I’m using a 3 node cluster, where I receive lots of timeout exceptions
java.lang.RuntimeException: java.util.concurrent.TimeoutException
at com.couchbase.client.java.util.Blocking.blockForSingle(Blocking.java:75)
at com.couchbase.client.java.CouchbaseBucket.get(CouchbaseBucket.java:128)
at com.couchbase.client.java.CouchbaseBucket.get(CouchbaseBucket.java:123)

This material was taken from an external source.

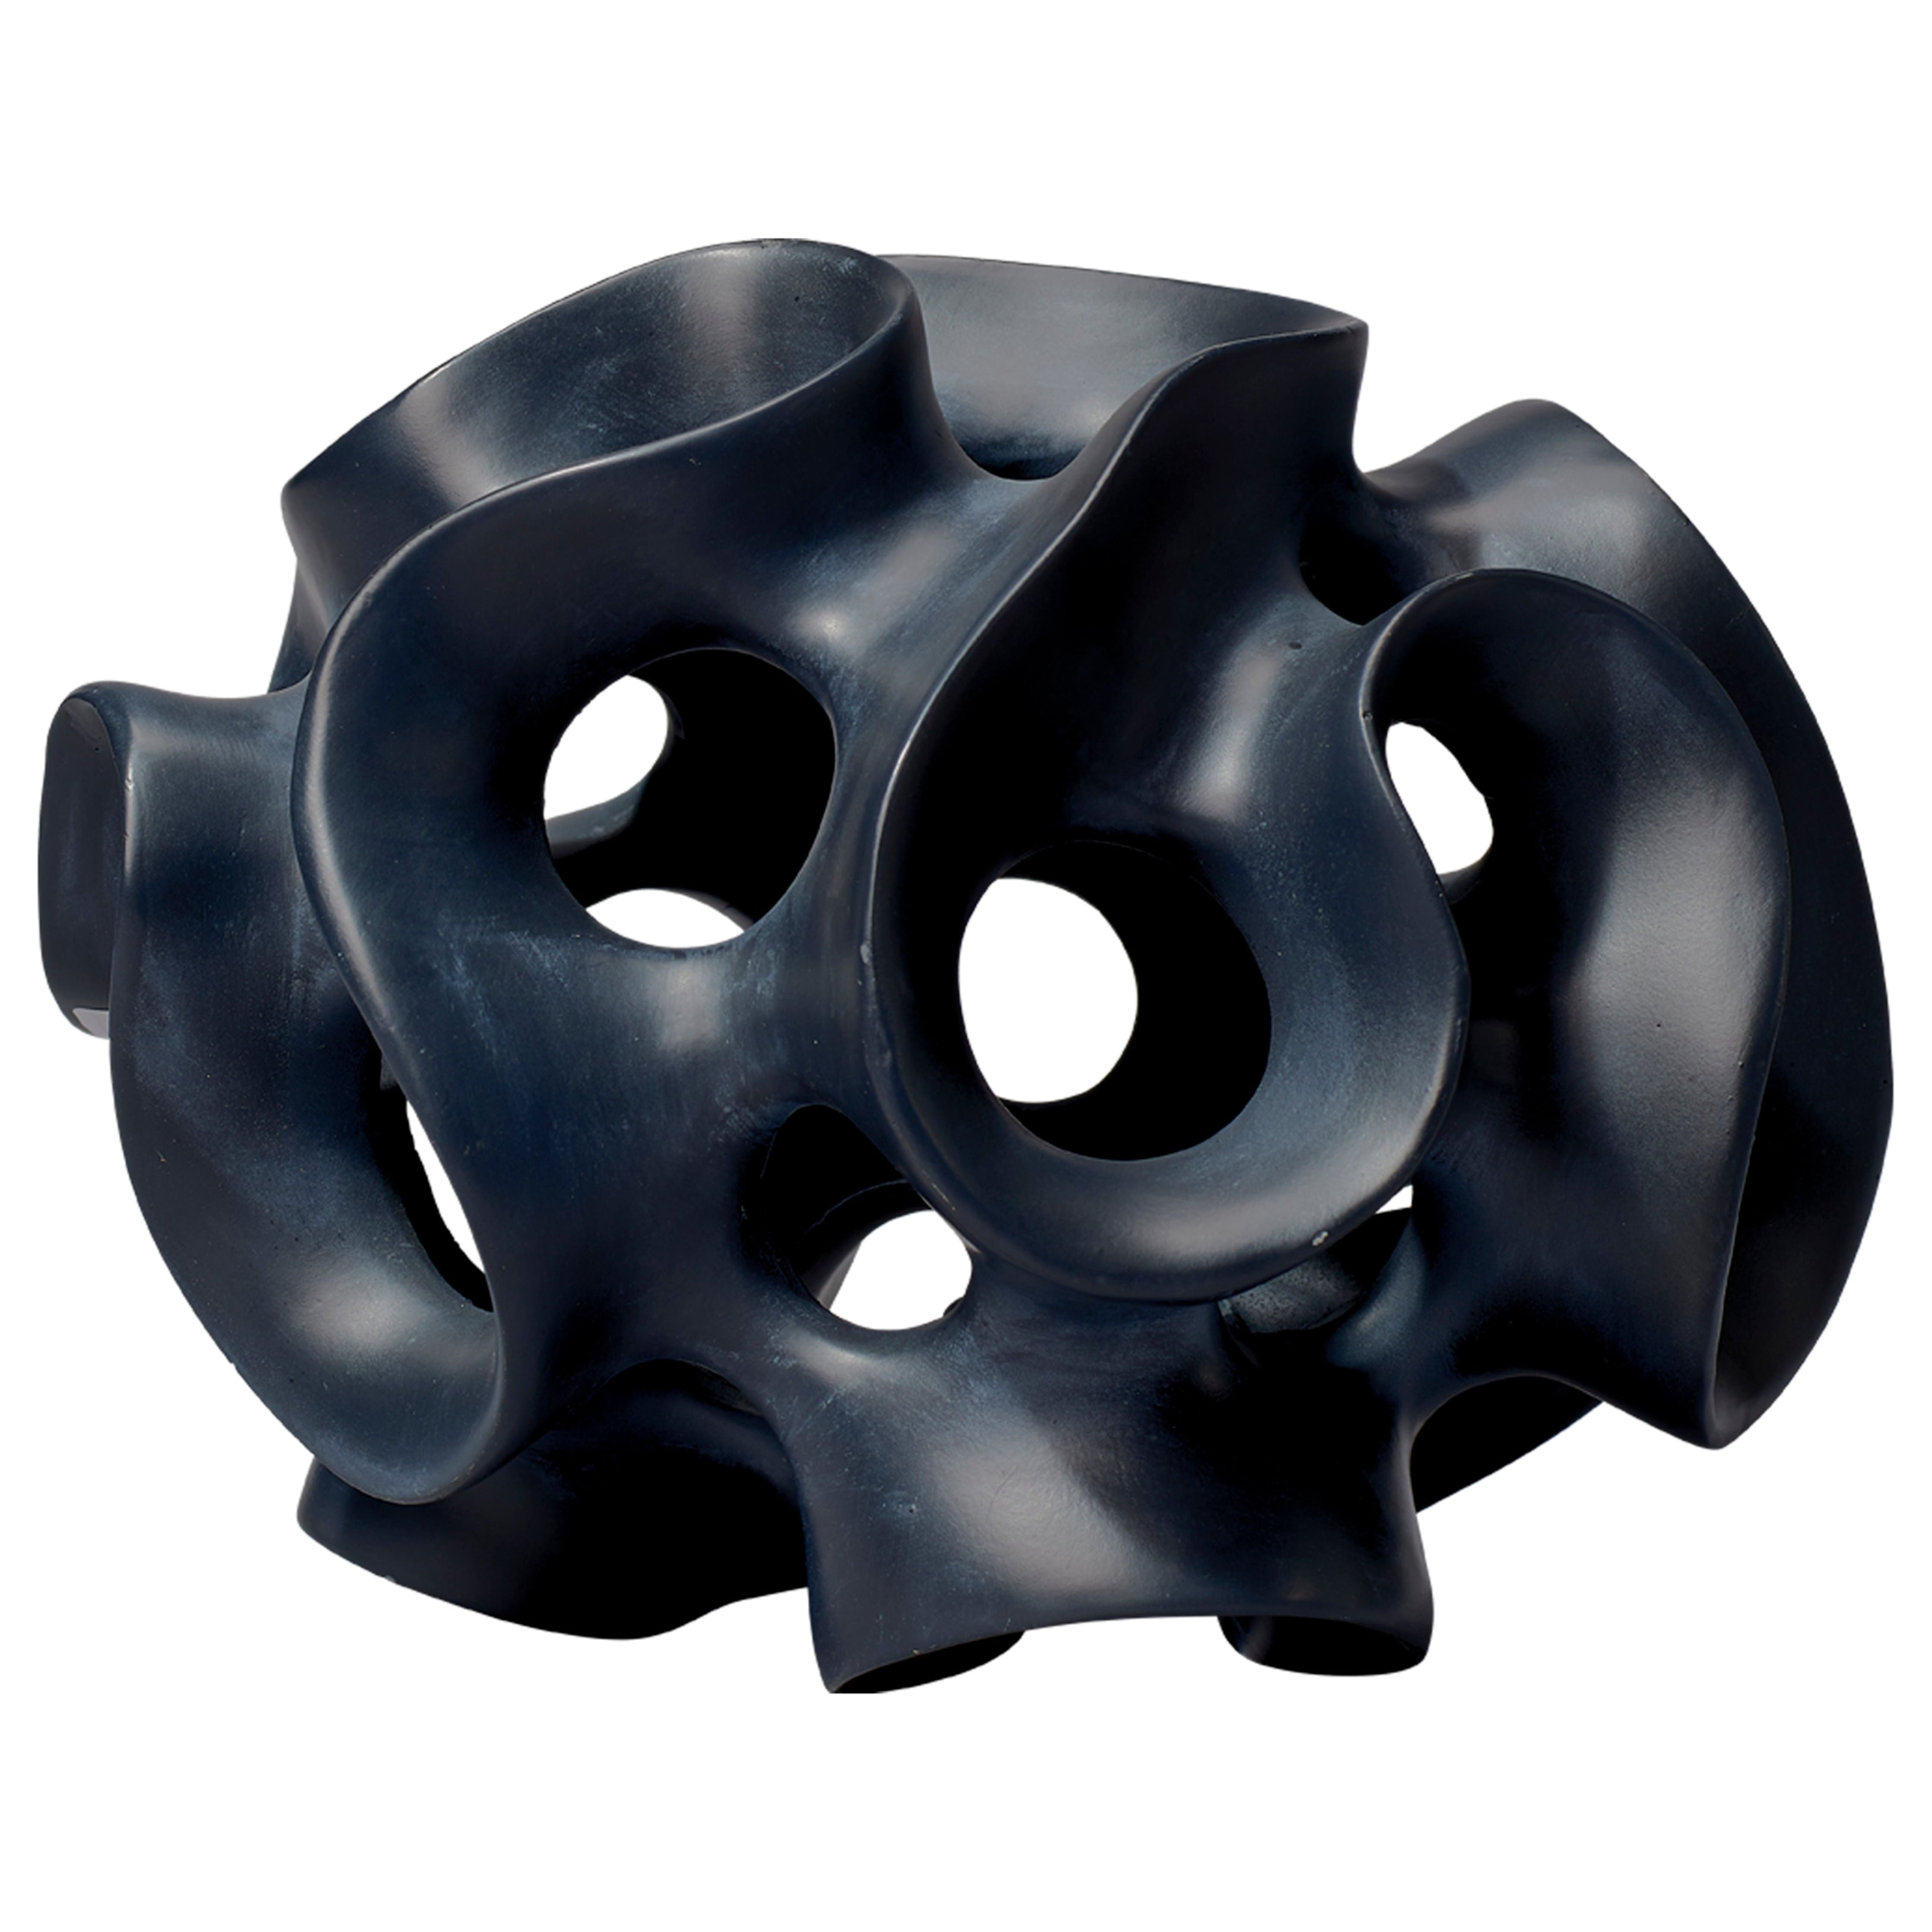 Jamie Young Company - 7RIBB-SPBK - Ribbon Sphere in Black Resin - Ribbon - Black

Investigating on the cause there are two things I found that my be different from what they should be:
-
There is one node, whichs disk write queue seems to only grow (currently 623K) but not to decrease
-
On this node the projector seems to run when I check the processes but noting is listening on port 9999 (“netstat -ntpl | grep 9999” returns no result):
ps aux | grep projector
498 18784 0.0 0.0 474172 2880 ? Sl 2015 10:51 /opt/couchbase/bin/projector -kvaddrs=127.0.0.1:11210 -adminport=:9999 127.0.0.1:8091
We are using Cocuhbase 4.0.0-4051 and Java SDK 2.2.4.
What I found so far, there should be backoff starting when we reach 1M items in the disk write queue. And if I understood right, removing or manual failover of the node should lead to data loss of those items in the disk write queue as they are not replicated/ persisted now.
Does anyone have recommendations on what I could do to not loose the data in the disk write queue? I could think of removing the node (after being sure not to loose any data) because I want to update to 4.1. anyway.
If the problems may be related to the projector, which is not listening - is there a way to (re)start the projector without data loss and removing the node?
Any help would be greaty appreciated.